その内容は、ここでも何回も紹介している「アイシング」「RICE処置」について、です。
肉離れ直後にアイシングするのはどうか?
その質問に関しては、ここでもなんども言っていますが、答えはNO!
それは、治癒過程を遅らせるからです。
これに関しては、ここで様々な海外の文献や自分が海外に行った時の経験で話したと思います。
で、今回なのですが、
神戸大学大学院保健学研究科の大学院生(当時)川島将人さん(現川崎医療福祉大学助教)、荒川高光准教授、千葉工業大学の川西範明准教授らの研究グループらが
肉離れなどの重い筋損傷後のアイシングは、筋再生を遅らせることが、神戸大などのマウス実験で明らかにしました。

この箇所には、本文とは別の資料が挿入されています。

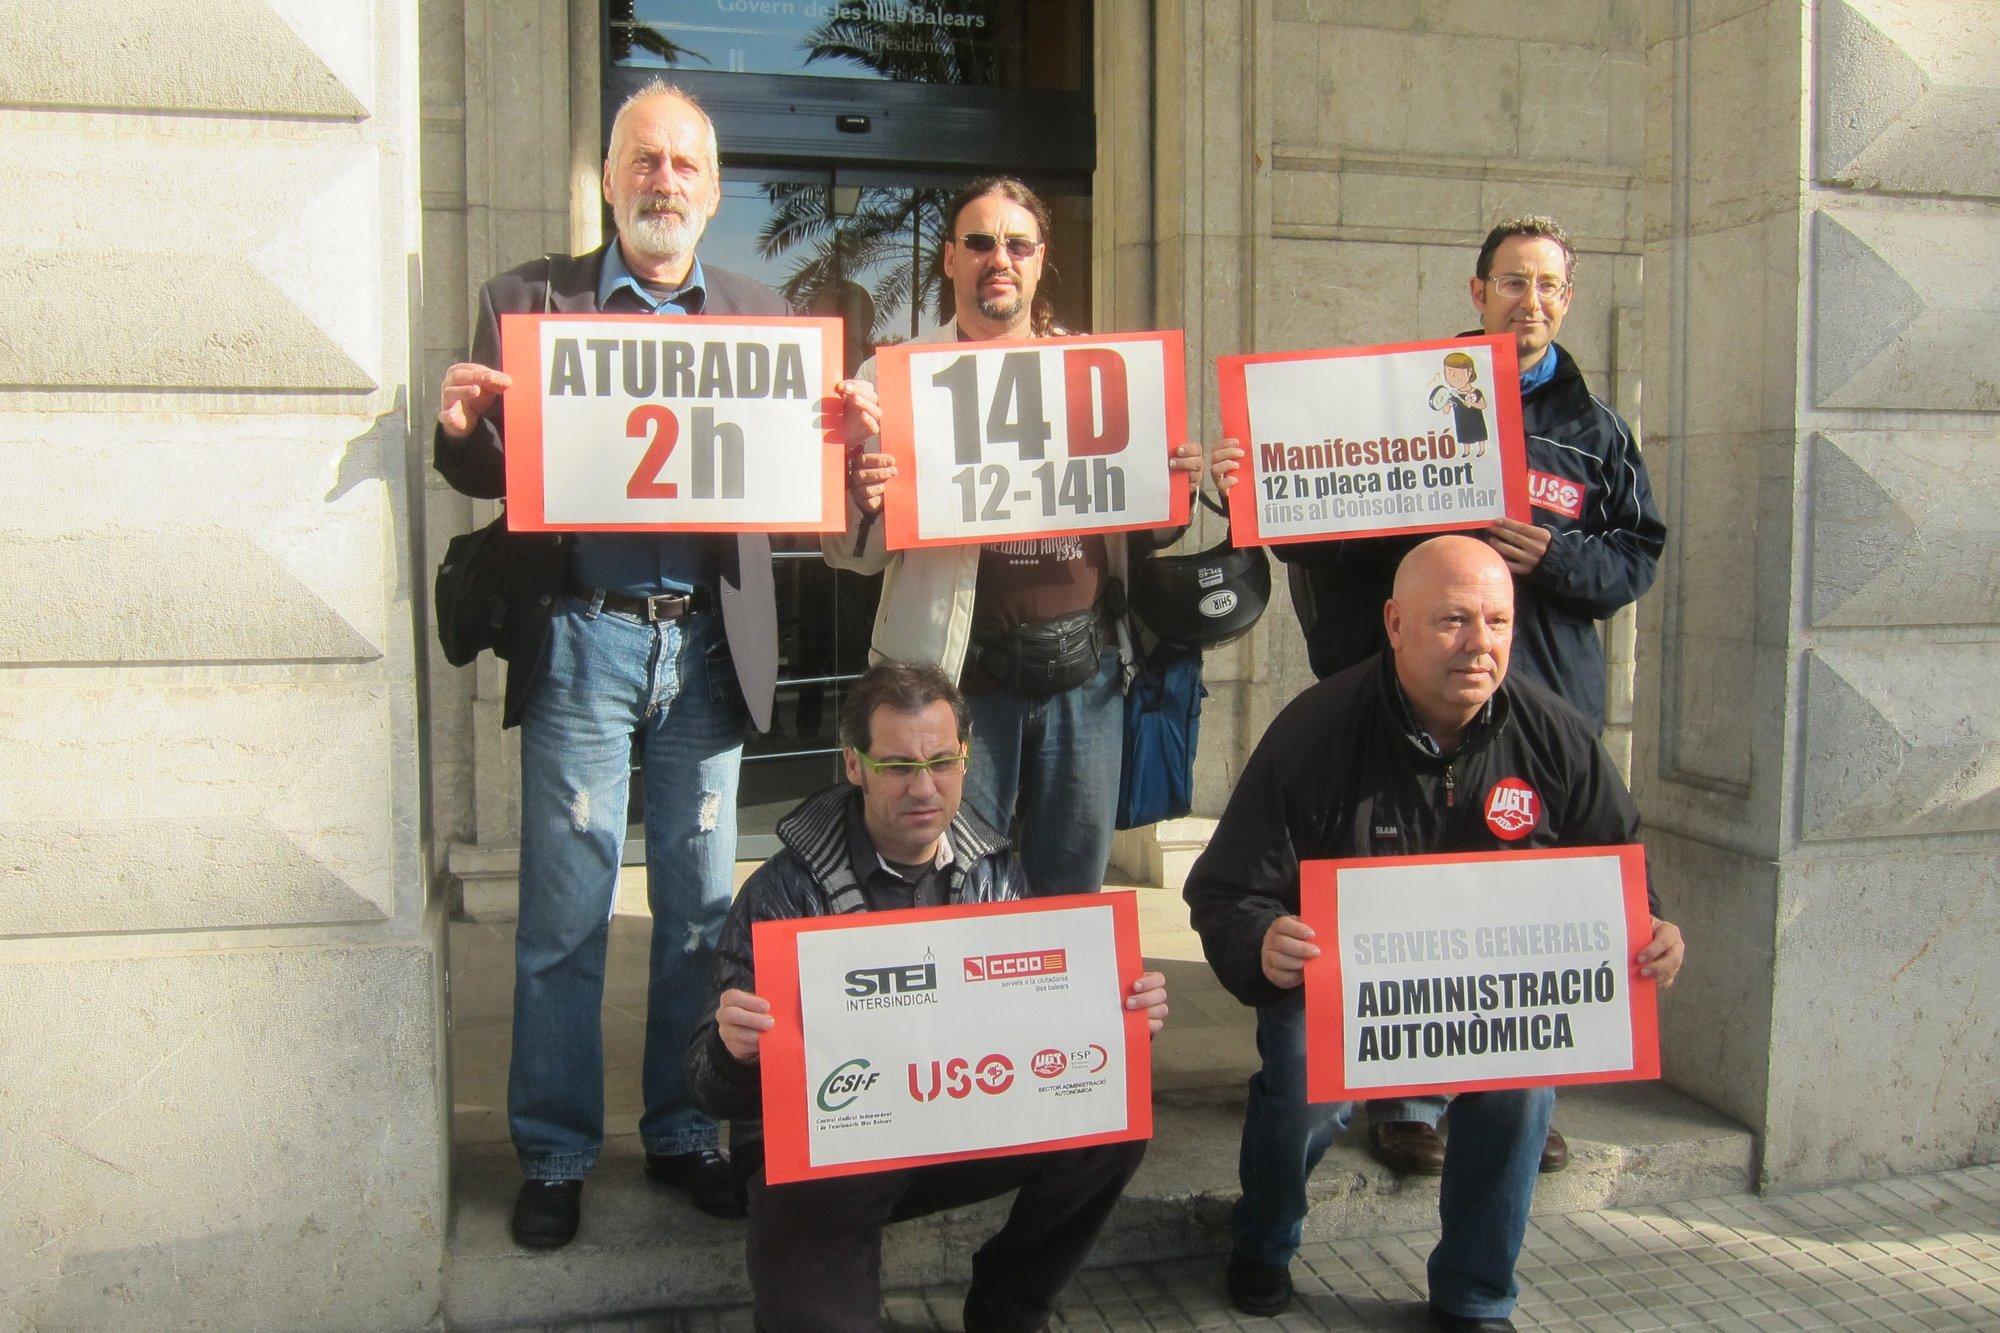 Los sindicatos convocan el 14 de diciembre un paro parcial de 2 horas   que afecta a 6.000 empleados públicos de la CAIB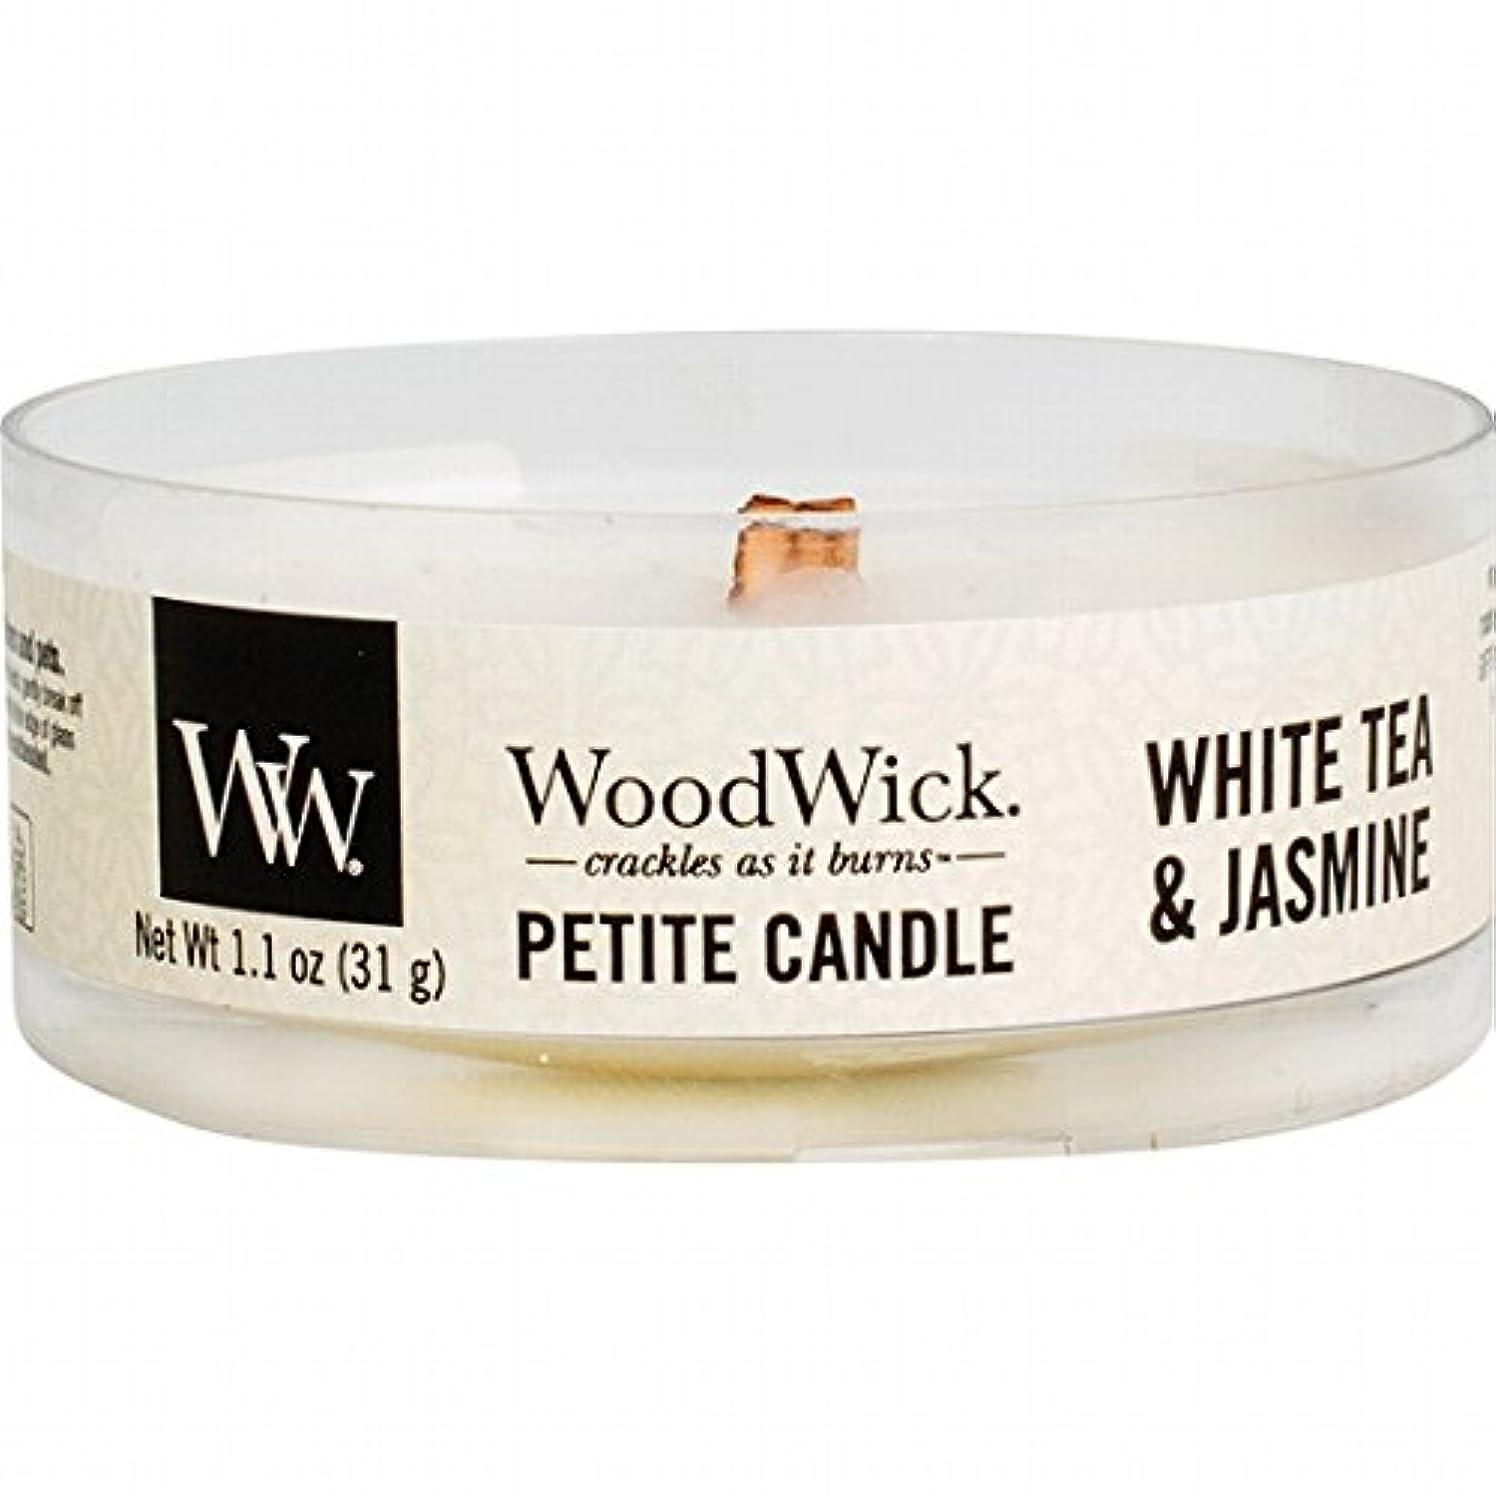 ウッドウィック( WoodWick ) プチキャンドル 「 ホワイトティー&ジャスミン 」

これは、本当に素晴らしい結果で、ようやく日本国内におけるアイシングやRICE処置の是非に終止符を打つかもしれないからです。
詳しい話は、こちらを読んでください
↓↓↓
https://news.yahoo.co.jp/articles/dac4a62b719cbbb912ff7b907553442519f148cd
しかも、この記載の中には1回でもアイシングを行えば筋損傷においては治癒速度を遅らせる結果になるとのこと。
すなわち、筋損傷においてはアイシングは有効ではないという結果がマウスの実験で証明されたということなんです。
これが、様々なスポーツ協会や学校教育において浸透して、時代遅れの応急処置がなくなることを願って読んでいました。
こういう話は、どんどん拡散され、スポーツ現場でトレーナーの方々が実践してほしいです。最先端の研究結果がこうなのだから、それを実践する手はありませんよね。
早く、怪我=アイシング・RICE処置がなくなればいいのになぁと思っています。
さて、今回話す内容は足関節捻挫についてです。
これも、先に述べたように捻挫したらアイシングっていう法則がありますよね。
今回の論文では、重篤な筋損傷においてのアイシングの是非だったので靭帯損傷は未確認ですが、海外論文やこの記事から推測すると、靭帯損傷においてもアイシングは治癒経過を遅らせる可能性があると自分は思っています。
そんな足関節捻挫なんのですが、
今回紹介するのは、1度の捻挫をして1ヶ月程度経過しているサッカー選手が復帰できていない件です。
歩けるし、ランニングも可能
というのも、痛みが続きどうしても復帰が難しくなっているということなんですが、
あなたはこういう選手や患者さんを目の前にした時に、どうしますか?
①痛みがあるから、もう少し休ませて様子をみる
②患部の痛みをみながら、患部の局所のリハビリを積極的に行う
③患部の痛みをみながら、積極的にアスリハを行う
④全体練習に復帰、もしくは試合復帰させる
答えは?
自分の選んだ答えを持って、読み進めてください。
サッカーやっていいですか?
今日はグラウンドレベルでの仕事。
その中で、
足首の捻挫でなかなか復帰できない選手が俺のところに来たんだよね。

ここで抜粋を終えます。